В "Однофамильце" Чухонцев по мере необходимости обращается к приемам и методам других авторов. Однако сочинение вырастает из всего предыдущего творчества самого поэта — и, в свою очередь, становится источником многих его последующих стихотворений. Достаточно даже беглого взгляда на поэзию Чухонцева, чтобы найти общие для его стихов места перекочевавшие в поэму и породившие в ней те или иные мотивы:
— отчужденность людей друг от друга и, в то же время, связанность их общим тягостным положением:
Для того ли нас в глушь занесло
и свело под зеленою крышей,
чтобы после листвой занесло
и засыпало вьюгой притихшей?
"Я и сам не пойму, что к чему…";
Зачем в заносчивом смиренье
я мерюсь будущей судьбой,
тогда как сам я — в раздвоенье -
и не бывал самим собой.
. . . . . . . . . . . . . . . . . . . .
А в лицах столько озлобленья,
что лучше не встречаться нам.
"Чаадаев на Басманной";
…Встретишь эти лица -
в них, кажется, пустыня шевелится.
"Нет ничего ужасней вырожденья!.."
…все равно! Ведь повязаны все мы
и по чести воздастся и нам,
ибо вот они, общие стены:
стукнешь здесь, а аукнется там!
"Общие стены";
— трудное, но неизбежное родство, прирастание к родине:
Мы срослись. Как река к берегам
примерзает гусиною кожей,
так земля примерзает к ногам
и душа - к пустырям бездорожий
"Я не помнил ни бед, ни обид…";
Нет, не любовью, видно, а бедою
выстрадываем мы свое родство,
а уж потом любовью, но другою,
не сознающей края своего.
Да что об этом! Жизнью и корнями
мы так срослись со всем, что есть кругом,
что, кажется, и почва под ногами —
мы сами, только в образе другом.
"…А в эти дни горели за Посадом…";
— прозрение непреходящего в обыденном и тленном:
Ночных фиалок аромат,
благоухающий, гниющий,
и звук, повторенный трикрат,
и отзвук, за душу берущий,
и приступ горечи, и мрак
ненаступившего рассвета —
какой-то непонятный знак
чего-то большего, чем это…
"Ночных фиалок аромат…";
Дитя безлетия, библейское отродье,
стоял — светясь — фанерный крейсер, а вдали —
в бараньем зное, в виноградном плодородье —
не знаю сам, с какого сна, но на безводье
мне смутно виделись иные корабли…
"Праздник лета в Ереване";
Неслышимый на слух,
невидимый на глаз,
бродил единый Дух,
преображавший нас
"Когда верблюд пролез…"
При знакомстве с поэмой читатель сталкивается с характерной трудностью: при вычленении и рассмотрении отдельных фрагментов и строк, текст, как бы, противится подобному, поскольку выбранный отрывок ассоциативными нитями неявно, но прочно связан с другими строками. При пристальном рассмотрении выявляется определенный смысловой узел, отдельная метафора, конкретный подтекст. В то же время значительная часть смысла при дискретном подходе затушевывается, а то и вовсе ускользает от восприятия. Поэма как будто противится расчленению, она всякий раз требует целостного, едва ли не единократного "схватывания". В этом отношении "Однофамилец" с его многочисленными потенциально бесконечными предложениями противоположен влиятельной традиции ХХ века, где подавляющее большинство почти семантически автономных четверостиший завершается обязательной точкой.

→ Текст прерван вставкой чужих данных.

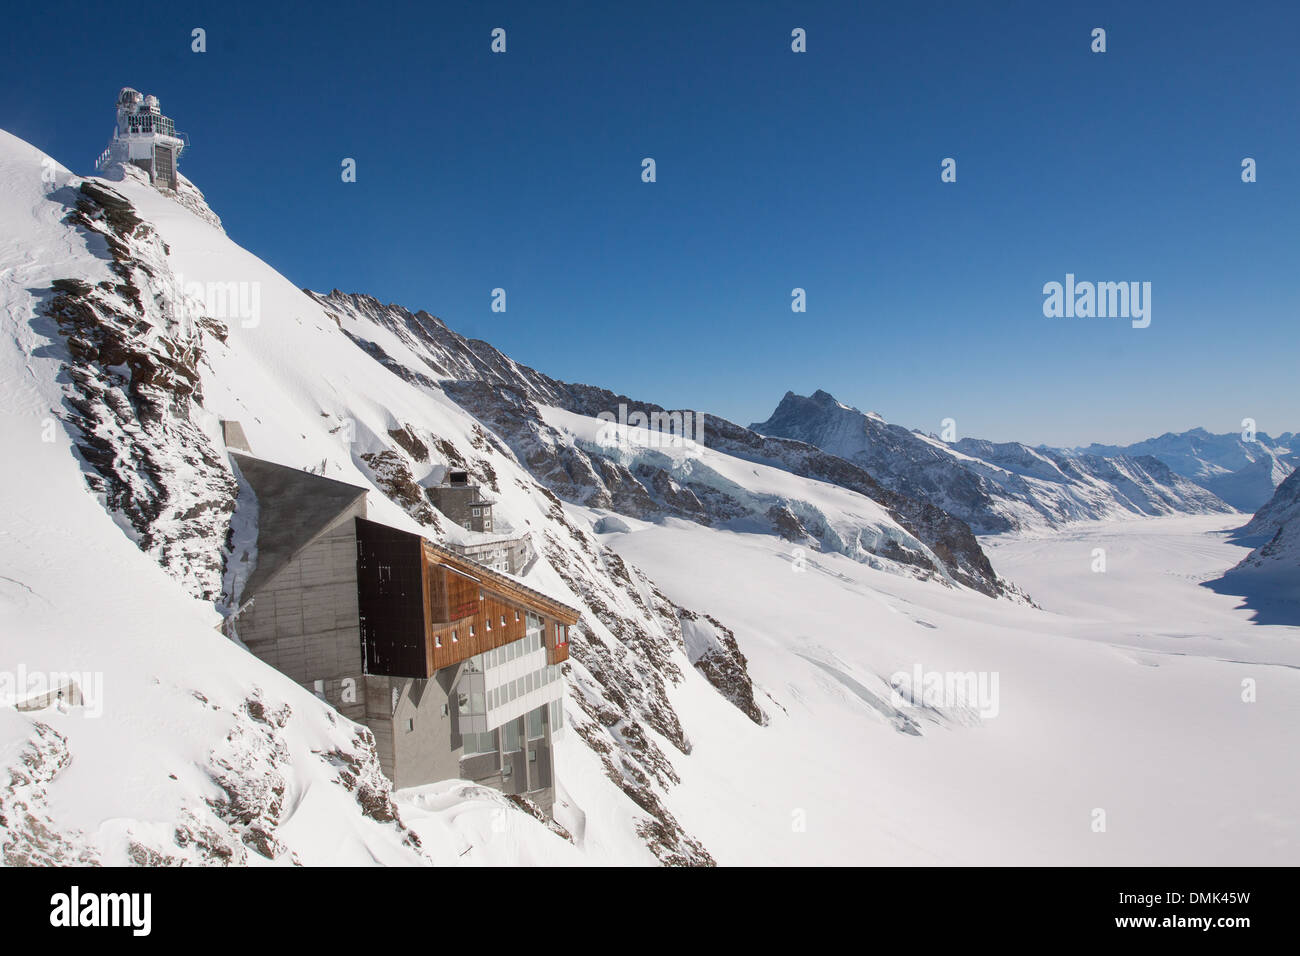 WINTRY SCENE OF THE ALETSCH GLACIER AND THE JUNGFRAUJOCH PASS WITH THE OBSERVATORY NICKNAMED THE SPHINX AT ITS SUMMIT, THE JUNGFRAU, BERNESE ALPS, CANTON OF BERN, SWITZERLAND Stock Photo

После первого прочтения поэмы Чухонцева неизбежно следует повторное, с постоянными забеганиями вперед и возвращениями назад, что опровергает представление о дробности сочинения. Текст богат словом, где есть более и менее заметные тропинки, но нет случайных и лишних участков. Все сплетено в сложную словесное панно.
Особым, маркированным местом всякого литературного сочинения, помимо зачина и финала, оказывается его заглавие. Концентрация значений заглавия "Однофамилец" полностью отвечает принципам полисемантичности. Название заставляет вдуматься в этимологию существительного "фамилия". Последнее происходит от латинского "familia", означающего не только "семью, родню, дом", но также и "дворню, челядь, рабов", а далее — "родовое состояние, имение, группу, отряд, школу, направление" и даже "секту". Очевидно, что следы едва ли не каждой из них можно усмотреть в символике произведения.
Подзаголовок поэмы - "Городская история" - также не случаен. Город, а тем более мегаполис, в поэзии Чухонцева - обычно замутненное, тягостное для людей пространство, место забвения и потери человеком самого себя. В большей части его стихов, где упоминаются населенные пункты, речь идет о деревушках и провинциальных городках. В столице лирическому субъекту явно неуютно, ее атмосфера рисуется почти сплошь сумеречными красками.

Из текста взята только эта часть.